Tuesday, March 3, 2009

the ride

Man.

I'm trying to remember when my hormones leveled out after the first two babies. I don't think I'm depressed. I don't feel sad. I feel a crazed blur of 250 emotions in the span of 20 minutes.

This past weekend we made a whirlwind tour to visit family. It was SO much fun. SO MUCH FUN! But the coming home bit really threw me for a loop this time. I spent yesterday morning running amok. Starting one project and abruptly jumping to another, until I was juggling all the burners.

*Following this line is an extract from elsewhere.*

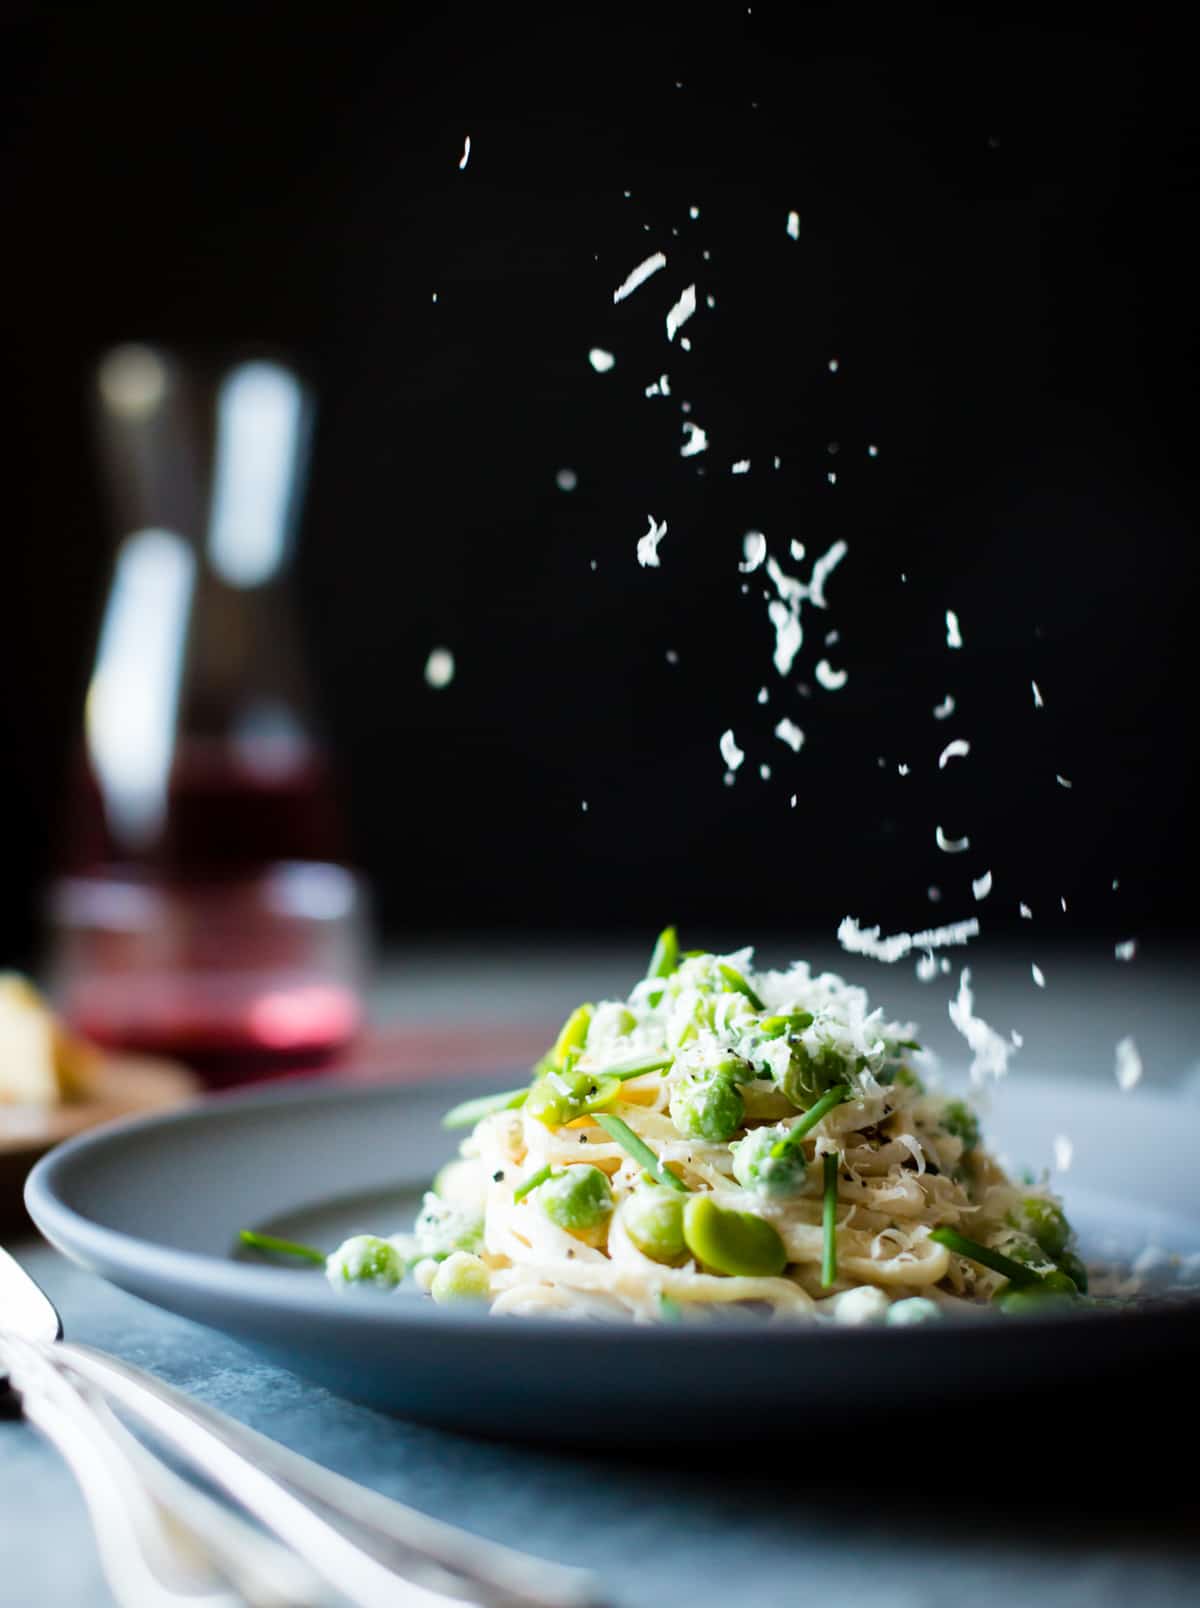 sprinkling cheese on Creamy Cashew-Miso Pasta with Peas and Fava Beans {gluten-free, vegan option}

I felt blessed to have such wonderful children. Then resentful that there was so much laundry. I felt happy that my husband is such a hard worker, and then angry that his towel was still on the bathroom floor. Glad for my vacuum. Mad that I had to use it. Loving my dishes. Hating that they needed washing.

Happy. Sad. Glad. Mad. High. Low. Up. Down.

Wugh.

And the whole time my mind knows how foolish I'm being. The Lord is whispering truths to my soul. I am not alone. I am blessed. Let's just keep this in perspective. PERSPECTIVE. It's laundry. And vacuuming.

We're healthy. We're fed. We're warm.

The days are long. The years are short. I'm trying my hardest to focus my energy on the things that matter. And looking forward to stepping off the roller coaster. I am not enjoying the ride.

3 comments:

redeemed diva said...

I love your blog. Although sometimes I wonder if you have a hidden camera in my house and you are really writing about me. Up and down. What do you say--how about we get off this roller coaster and get some cotton candy!

redeemed diva said...

Quick! go over to this blog
http://shar-theviewfromhere.blogspot.com/
they just wrote about the same thing! It's an epidemic!

Anonymous said...

sometimes the ride takes over and you have to say "STOP" firmly. not whispered, but firmly.

to stop and regroup is a wonderful thing, but it looks like i am late to read this and you had a nice lie in, so hope that helped.